Kateri Tekakwitha

How many of us here are saints? Or, perhaps a better question, is how many of us here are going to be saints?
When we talk about saints what are the first things that come to mind? Old? Holy? Boring? How about “guys that lived a long time ago”?
Would it surprise you to know that St. Mother Teresa suffered from depression and doubt? Would it surprise you to know that St. Teresa, the “little Flower” and patron of our diocese admits to being a little bit of a brat?

If I told you about a boy that was raised in a rich family, to a mother that was Christian but only barley, and a father that was only baptized on his death bed. Someone that wrote a bunch of books that initially told of his wild and misspent youth and in them admits to fathering an illegitimate child. This boy’s most quoted line goes something like, “Father help me to live the life that you want for me, just not right now”.

When we heard about this person, we might actually be interested in learning more about him. He sounds interesting and a little bit fun, but definitely not a saint. Now, what if I told you that this person is widely considered the most important and influential writer of the catholic church, second only to St. Paul. On Easter Day in the year 387, St. Augustine was baptized, and the catholic church would never be the same.

This doesn’t make any sense, right? Holy people are supposed to be holy and not holy people are supposed to be not holy. There are rules about these things, well what if we are wrong about that? What if we are all called to be saints and just don’t know it?
Pope Francis wrote in a recent letter to the church that he sees holiness “in those parents who raise their children with immense love, in those men and women who work hard to support their families, in the sick, in elderly religious who never lose their smile. In their daily perseverance I see the holiness of the Church militant. Very often it is a holiness found in our next-door neighbors, those who, living in our midst, reflect God’s presence. We might call them ‘the middle class of holiness.’”

Maybe that is who we are? The middle class of Holiness”.

Today is the feist day of Kateri Tekakwitha. She was the daughter of a Christian Algonquin who lived her life among the Mohawk clan of native American Indians. She lived a very hard life always choosing her relationship with God over her own well being. She saw herself insignificant to her eventual goal of everlasting life.

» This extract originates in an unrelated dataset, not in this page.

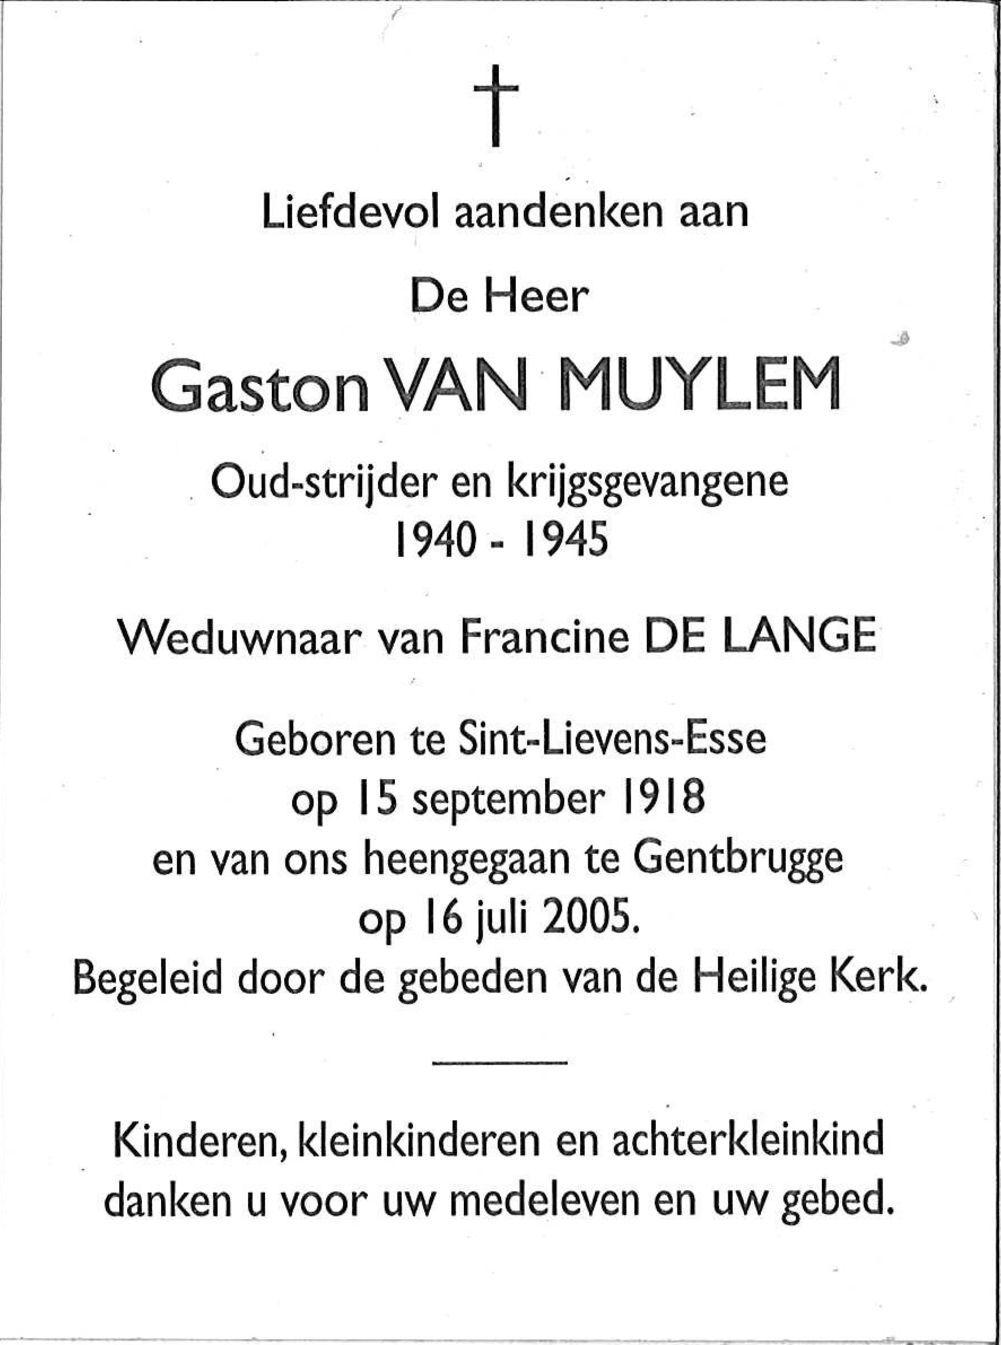 Van Muylem Gaston
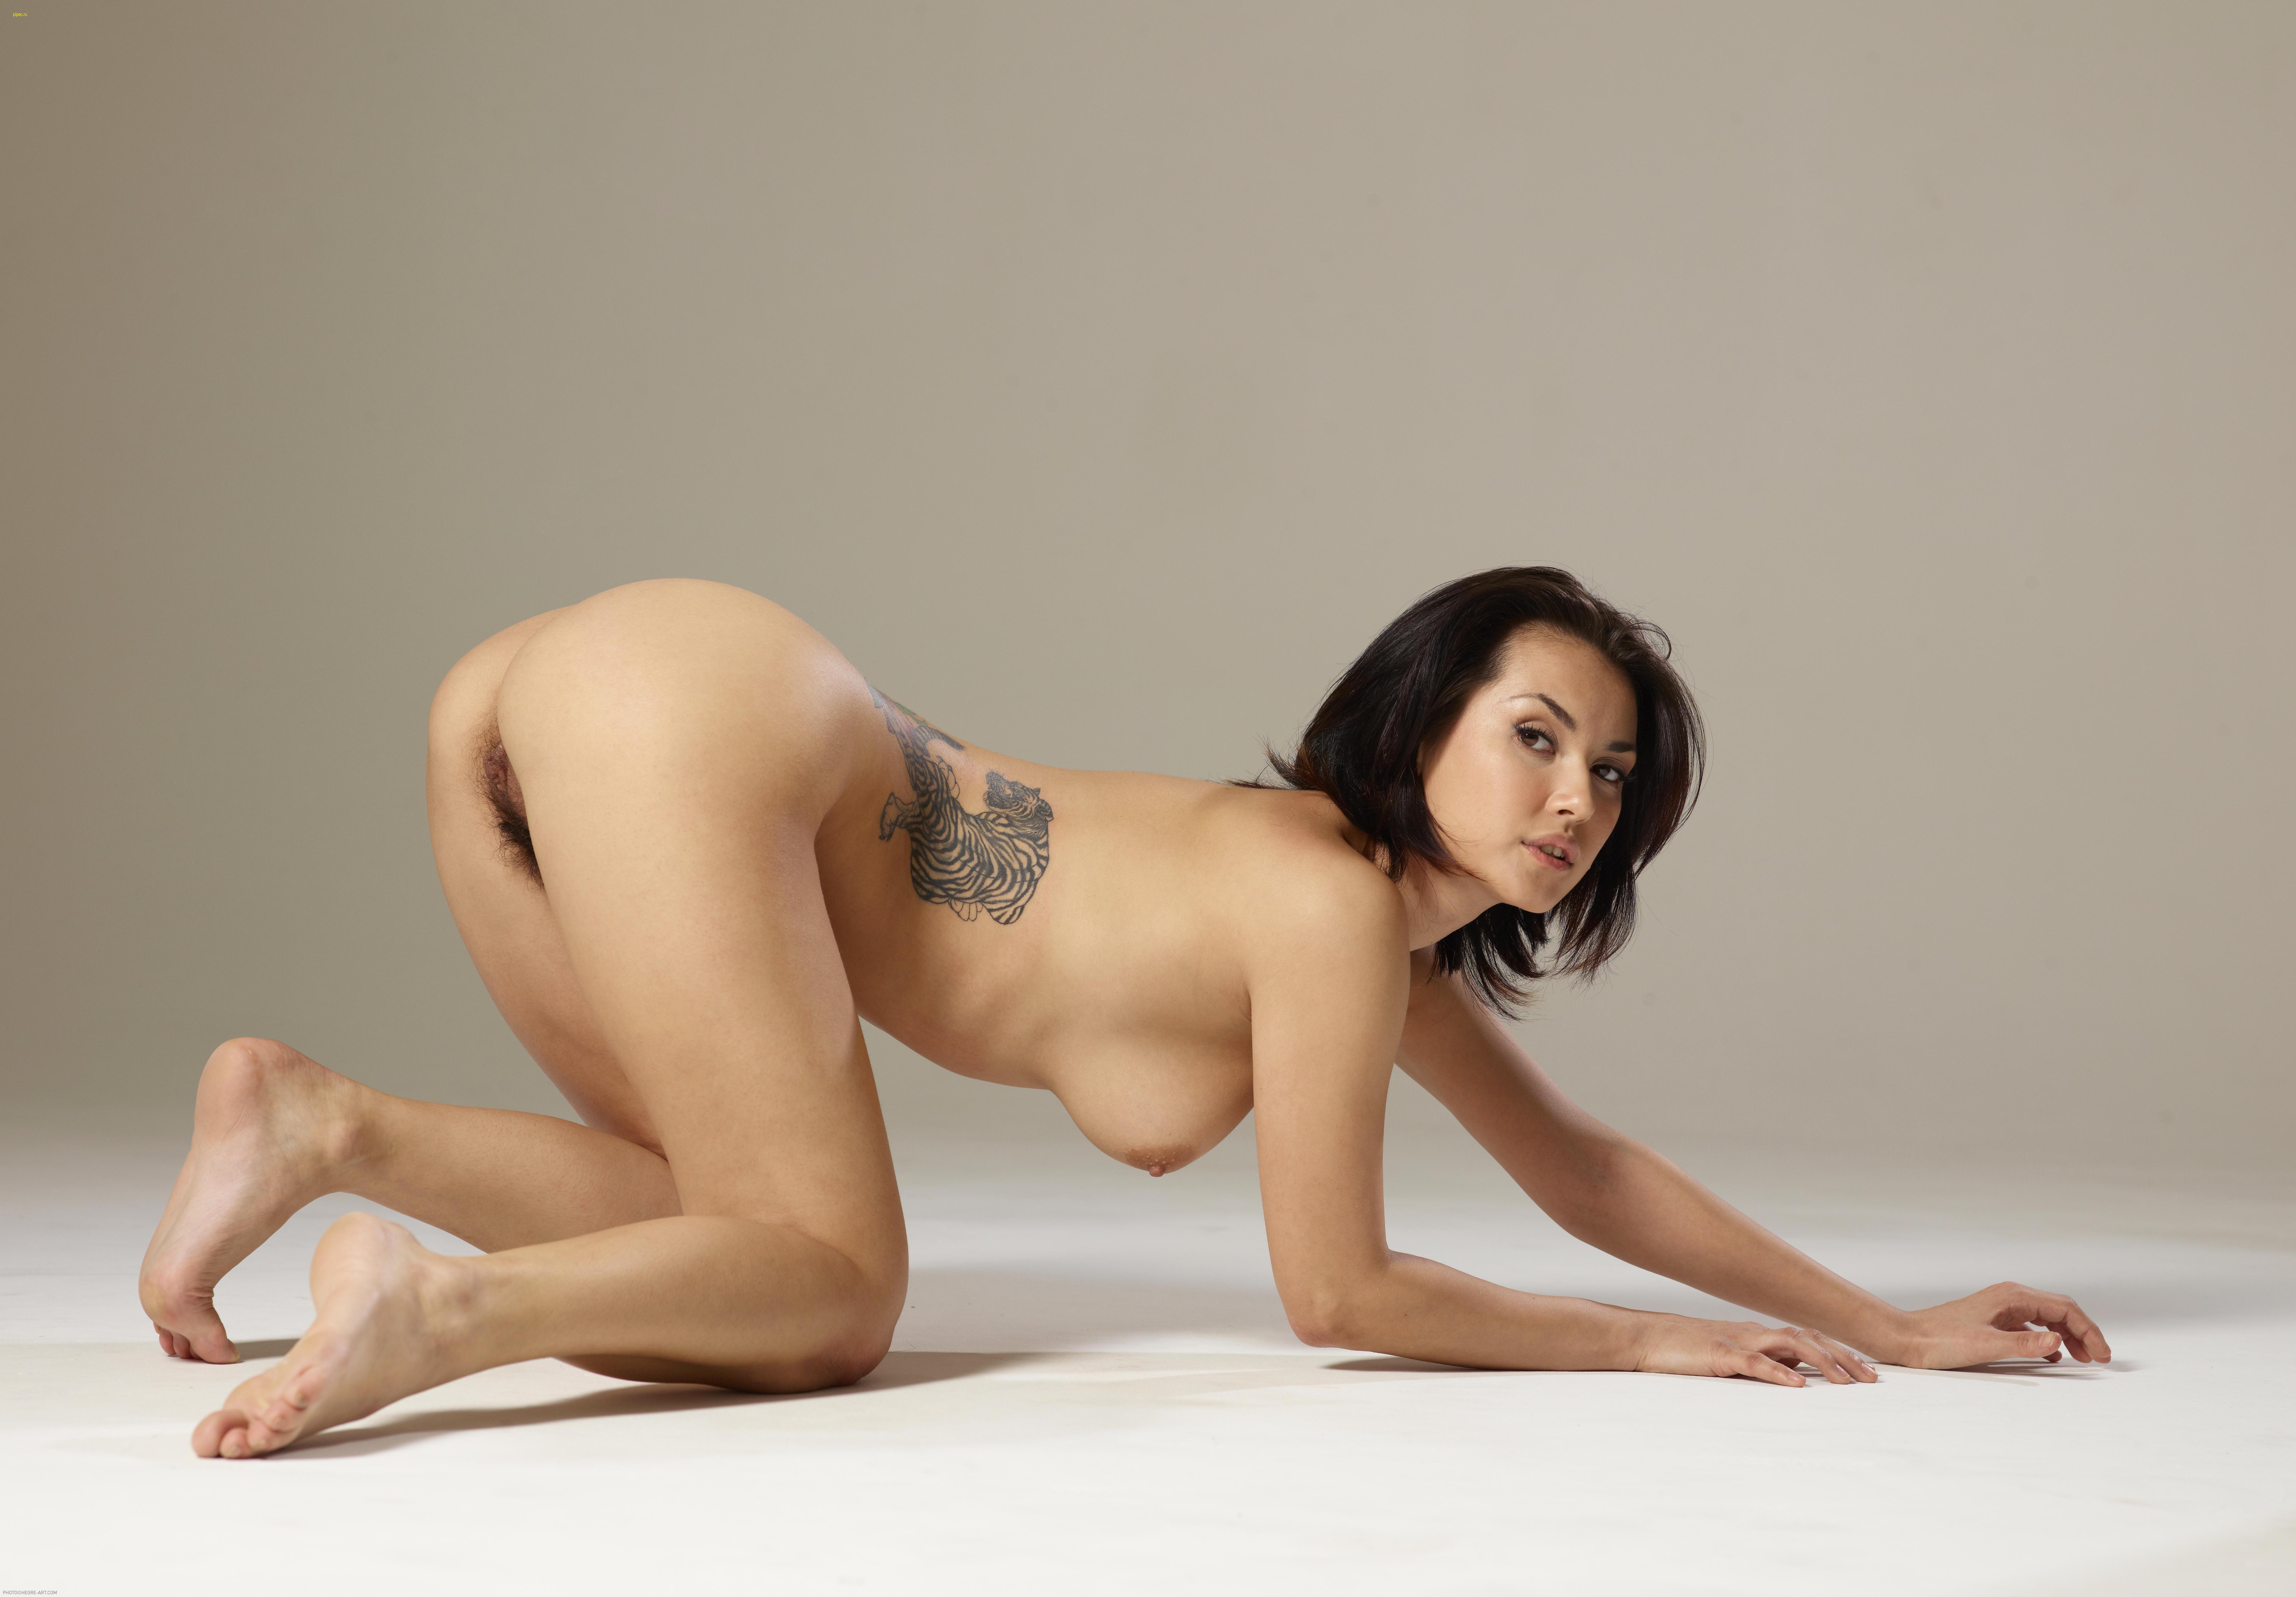 Retro nudist women

Pope Francis went on to say that all Catholics, like the saints, “need to see the entirety of your life as a mission,” and explained that this is accomplished by listening to God in prayer and asking the Holy Spirit for guidance in each moment and decision.
“A Christian cannot think of his or her mission on earth without seeing it as a path of holiness,” he stated, explaining that this path has its “fullest meaning in Christ, and can only be understood through him.”

Please understand, I am not saying that you should live your life like the young St. Augustin waiting for the day that you feel that it is time to turn on the saint button. Live your life the way that Pope Francis suggests. We are already middle class saints, exactly where we are and who we are right now. Remember, God knows you, he knew you before you were born. Luke 12:7 But even the hairs of your head are all counted. Do not fear; you are more valuable than, … and loved than any of His creation.

We are all saints, take a minute, look around and be amazed what the Lord has given to those of us in this room.

The way of the just is smooth;
the path of the just you make level.
Yes, for your way and your judgments, O LORD,
we look to you;
Your name and your title
are the desire of our souls.
My soul yearns for you in the night,
yes, my spirit within me keeps vigil for you;
When your judgment dawns upon the earth,
the world’s inhabitants learn justice.
O LORD, you mete out peace to us,
for it is you who have accomplished all we have done.

MT 11:28 – 30

Jesus said:
“Come to me, all you who labor and are burdened,
and I will give you rest.
Take my yoke upon you and learn from me,
for I am meek and humble of heart;
and you will find rest for yourselves.
For my yoke is easy, and my burden light.”